How girls are trafficked

All girls in India (or at least 60% of the population that earns less than $1 a day) long for marriage as a fulfillment of all their girlhood dreams. Marriage holds the promise of financial stability, status in their community, a safe home to raise children and the ultimate protection from harm. The hope of marriage is wrapped up in the hope of having children. Sometimes it is an escape from a dreaded arranged marriage with an older man whom they do not love. Sometimes it is an escape from a painful childhood. Always it is the dream of real love that girls hold secret in their hearts.

For a large percentage of trafficked victims nothing could be farther from the truth. In fact most traffickers use the basic belief in the intrinsic goodness of the marriage institution to trap unsuspecting girls. The trafficker may take a few weeks or a few months to convince the girl of his love for her. Promises whispered, gifts given, kisses stolen, and the young girl, still in her teens agrees to run away with him. Within a few months, and often pregnant, he sells her for the equivalent of a few hundred dollars. Abandoned by the one she loved and trusted, she has no one.

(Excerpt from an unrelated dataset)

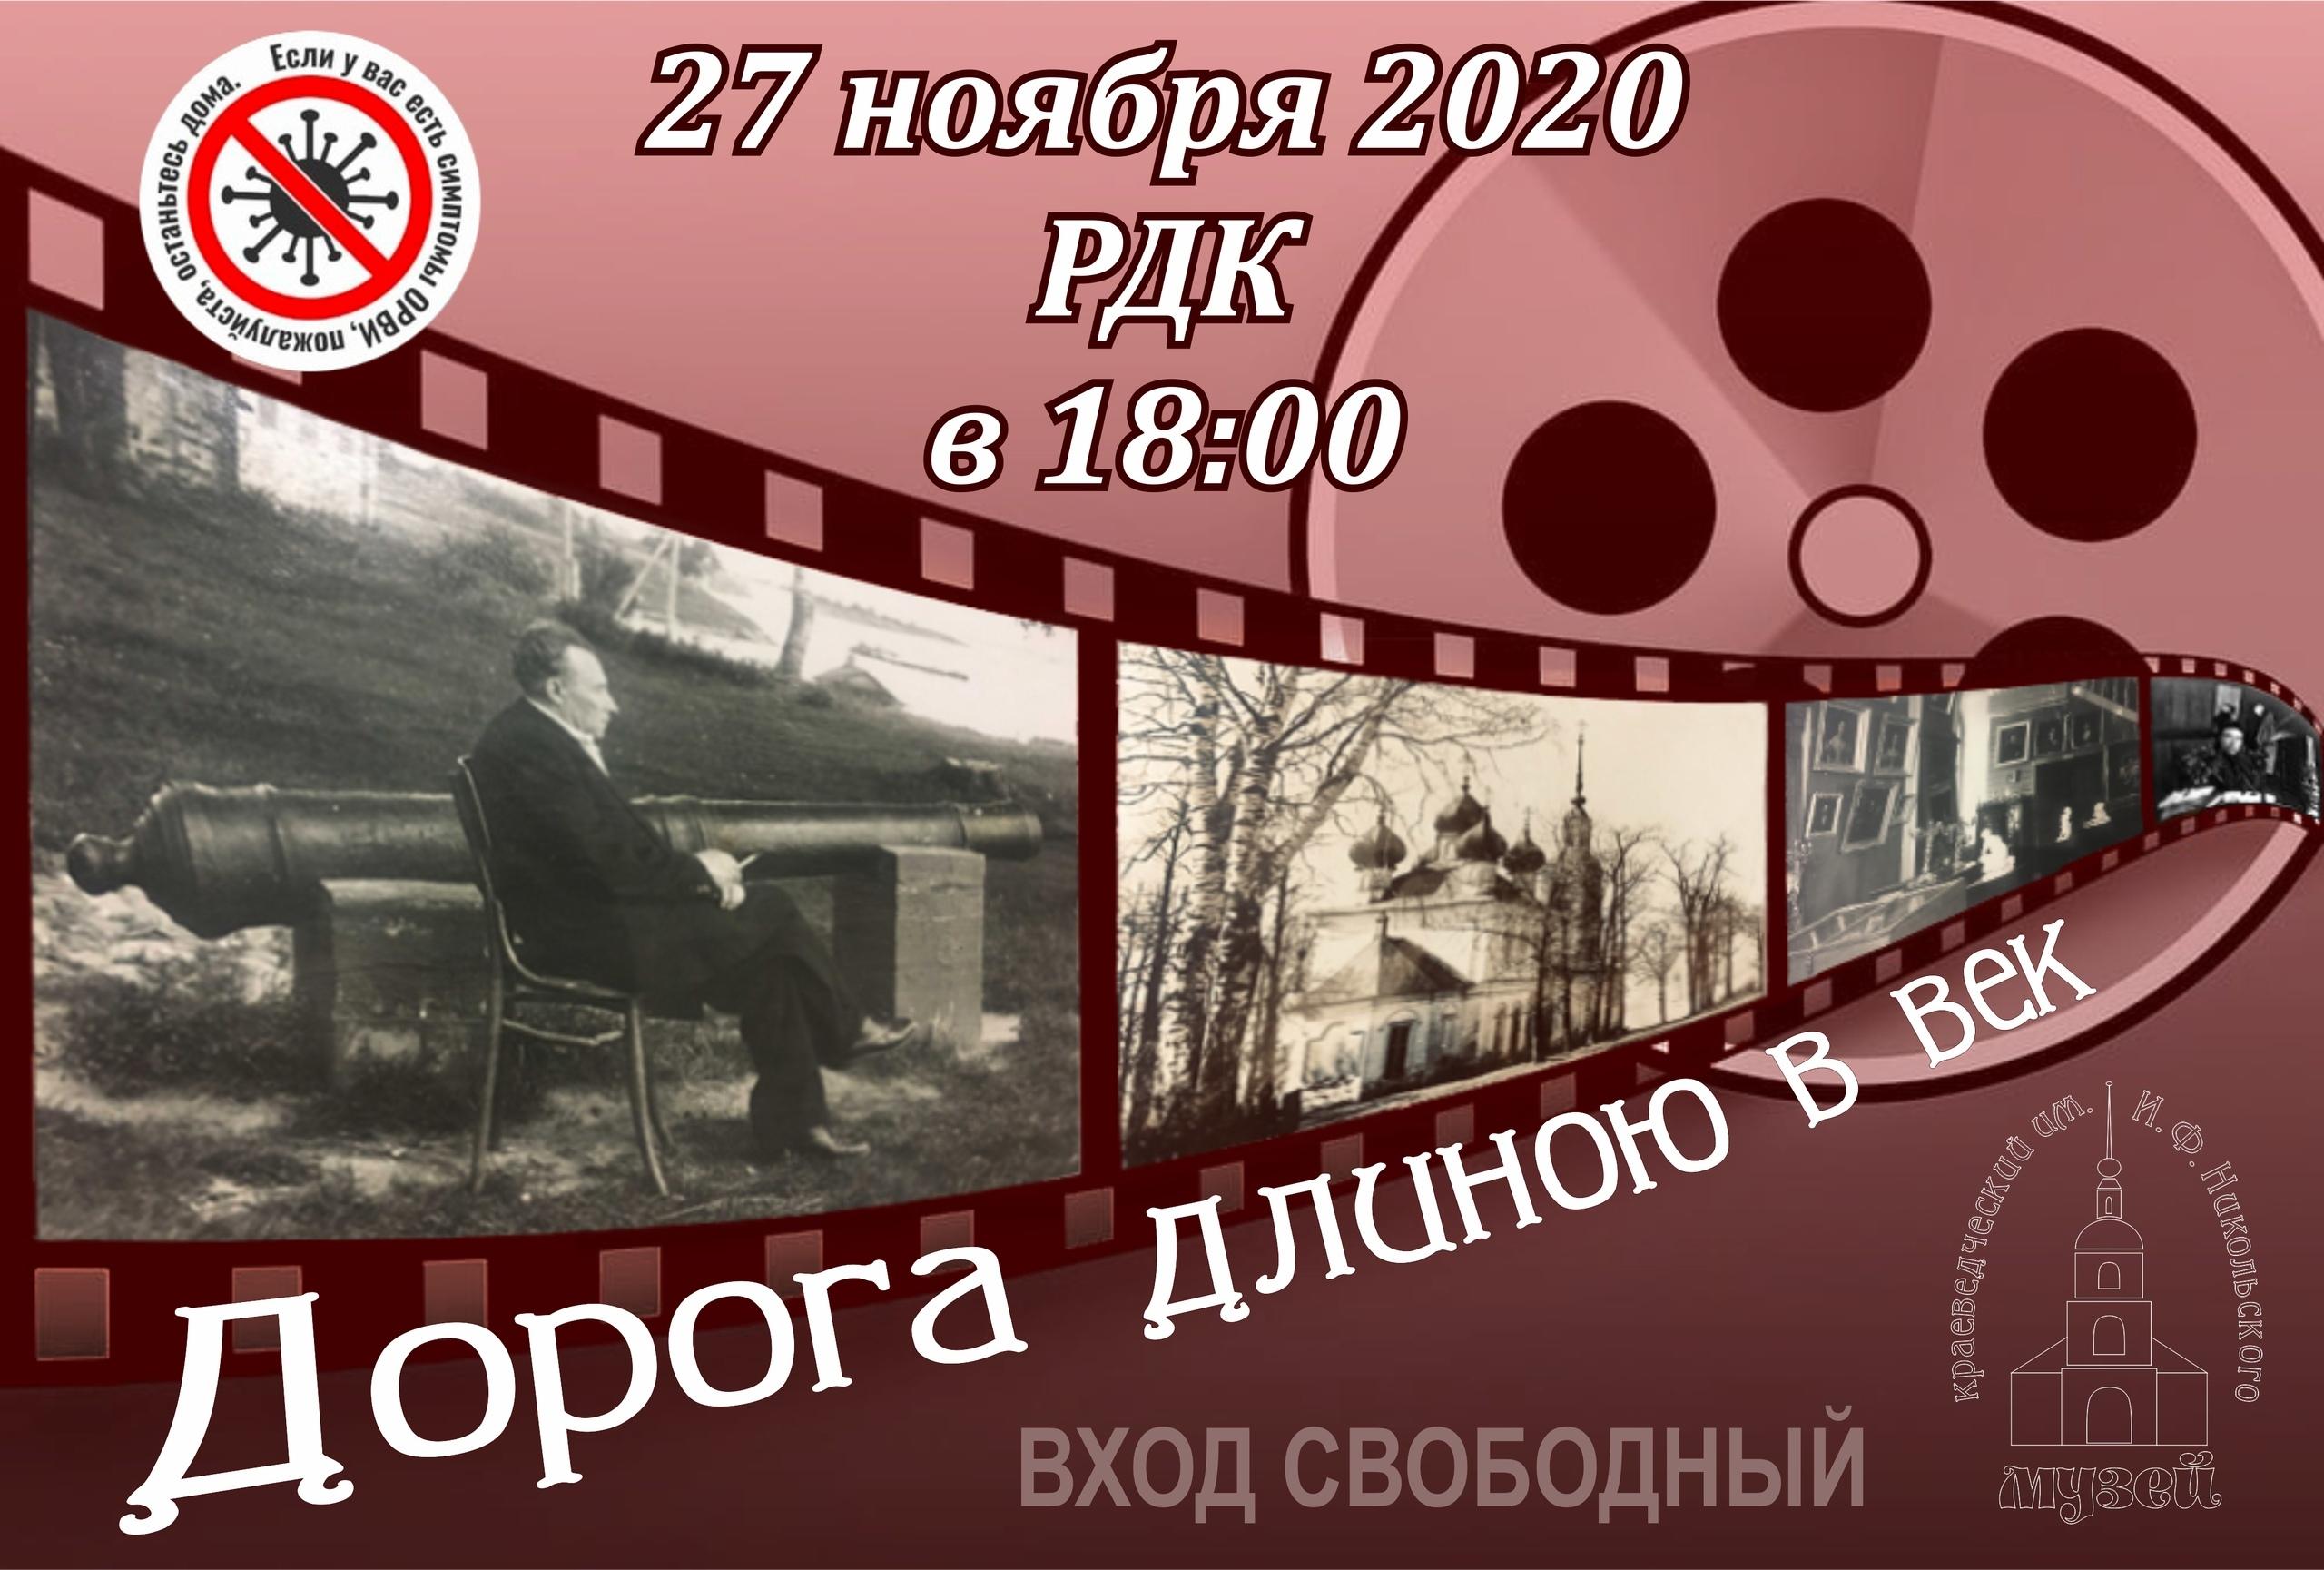 В честь столетия музея в Калязине пройдет краеведческая конференция

Asha’s story in Horse and Rider reads exactly like this. Asha was a Muslim girl who was tricked into marrying a Hindu boy. Fearful of the religious implications of marrying into a different faith, she left her husband. She tried to end her life several times, but she survived each time. A young man soon befriended her. Trusting him, she married him and was soon pregnant. A few months later he took Asha to Mumbai and sold her. The brothel forced her to have a late term abortion. Several years ago she was rescued from the brothel.

Asha came to Freedom Firm and began working at Ruhamah Designs, Freedom Firm’s employment opportunity for rescued girls. She worked for several years, excelling in her craft, reaching out to disabled children through the Leg Up Therapy program, and working through much of her pain from the past.

In spite of what Asha had suffered at the hands of a trafficker who posed as her husband, Asha still desperately wanted to get married. Robbed of her baby, she wanted to know the joy of motherhood. While still at Ruhamah Asha met a married man and left Ruhamah to become his second wife or mistress, depending on how you define it. Very quickly Asha became pregnant and is now the proud mother of a beautiful little girl. Her husband has divorced his first wife, and Asha has the marriage she always dreamed of.

Perhaps not the perfect marriage, but will I judge it according to my light? He has given her financial stability, a home for their little girl, status in the community, food in her belly, a roof over her head and perhaps love, who can say?

And while the process was far from laudable, and while as staff we wrestled with what seemed like “wrong choices,” I am relieved that for now, Asha is safe and that this marriage, flawed as it may be, has given her the security she craved, and that this man, finally, is not a trafficker. It really is hit or miss, and one must be ready to re-define a “good marriage.”

During the time Asha married and had her baby, she left Ruhamah Designs. About six months ago, bored as a housewife, and eager for connection with the Ruhamah Designs community, Asha came back to work. Most days she works from her home (as part of the Work At Home program), making jewelry while balancing her work as a mother. Once a week she travels to the workshop to have her products inspected for quality. Its good to have Asha back in our lives again, and to see her in her new roles as wife and mother.